Confusion: I think this is where a caretaker personality can get in trouble. This is the drama triangle. She is clearly confused in how she feels and what she really wants. Some days the shame and hurt feelings from her past are present and I want to be there to rescue. Some days her anger towards things being different than she wants pushes her into the persecutor role because she knows I can easily slip into the victim role. She then swaps to try and rescue me from being the victim, only to use that "rescue" as ammunition later to tell me how great she is and how much she "does it all". Of course that enrages me because I know I work my tail off and I slide into the persecutor. Even moving out it is REALLY hard to step out of this triangle.
Wonderful list. I am a huge fan of writing down my observations and then modifying and sorting them out in writing.
Keep up the good work.
I agree that looking at her "looks confusing" and "she appears confused". Let me assure you
she is likely not confused at all.Big pause... big breath.

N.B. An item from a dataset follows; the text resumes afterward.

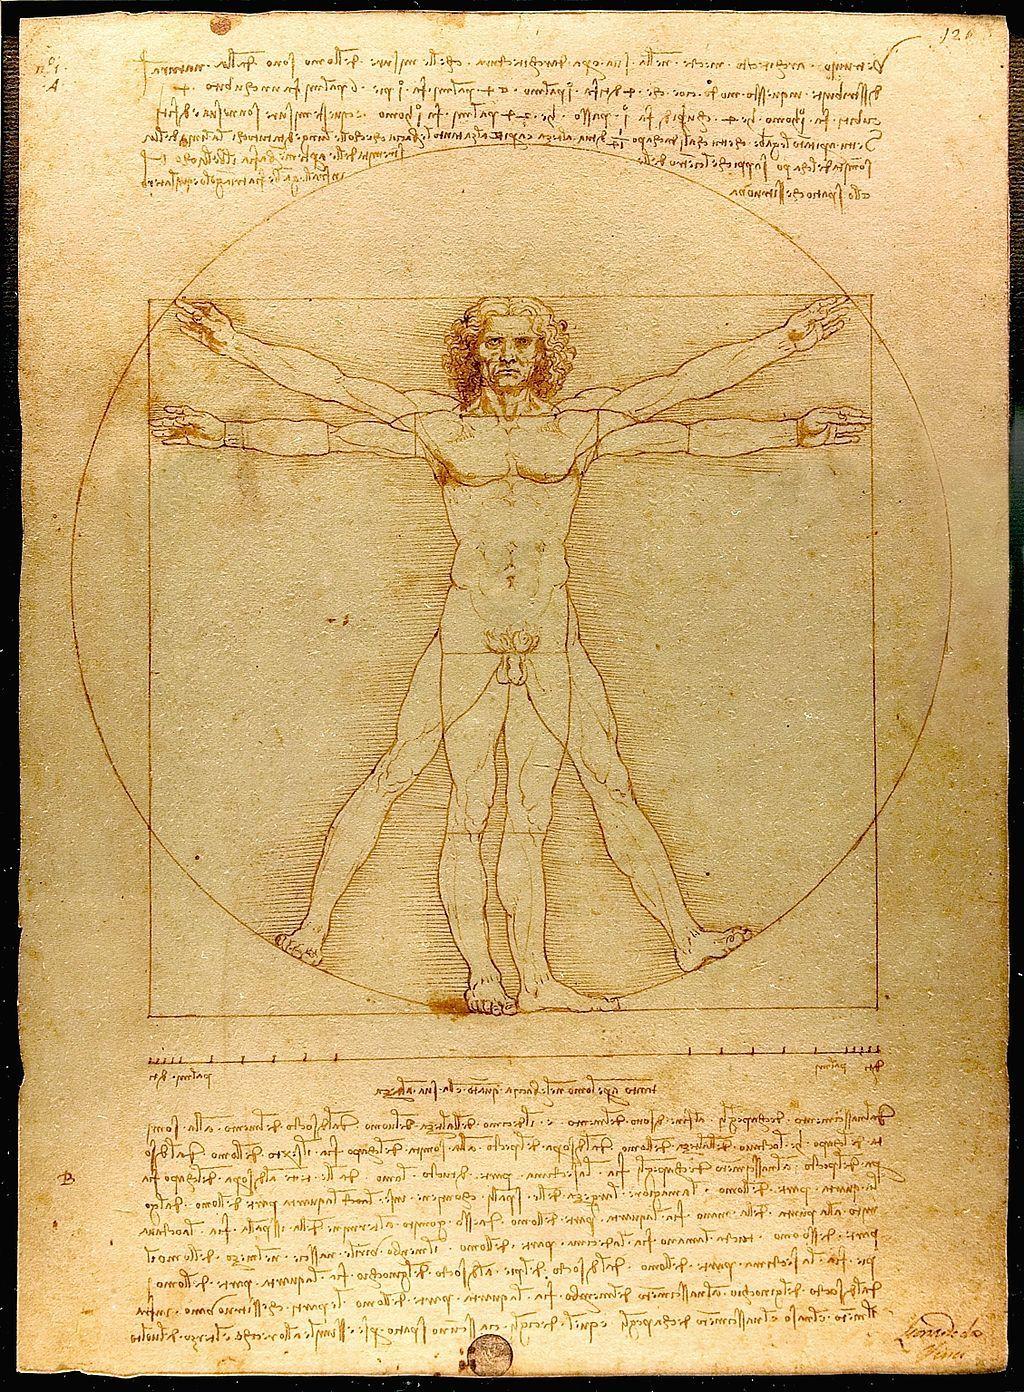 Da Vinci Vitruve Luc Viatour - Leonardo da Vinci - Wikipedia, the ...

What I'm going to say next, will hopefully help you understand and build empathy for your wife.
At the moment your wife says or does the things she does... .
she is not the least bit confused.. Furthermore, she likely can't remember "feeling" a different way.
Remember... .feelings equal facts... Facts will often invalidate her feelings and something has to be done about the facts... .she usually does something dysfunctional with those facts.
Remember... .she doesn't "plan" or "plot" to feel this way.
Then, her feelings change VERY RAPIDLY. Poof... . And she has a hard time remembering why she said xyz a few hours ago, if she acknowledges she said it at all.
Then... .
poofmore poof
Wash rinse repeat. You pretty much can understand what it is like to be a pwBPD. Can you imagine how uncomfortable this type of life is? Can you understand why she would want to "project" her feelings onto someone else.
Minimize your role in almost all of this. You will save your energy and reduce your part in her dysfunction.
Perhaps, perhaps... .once the temperature comes down some, you guys can take steps together, in a healthier direction.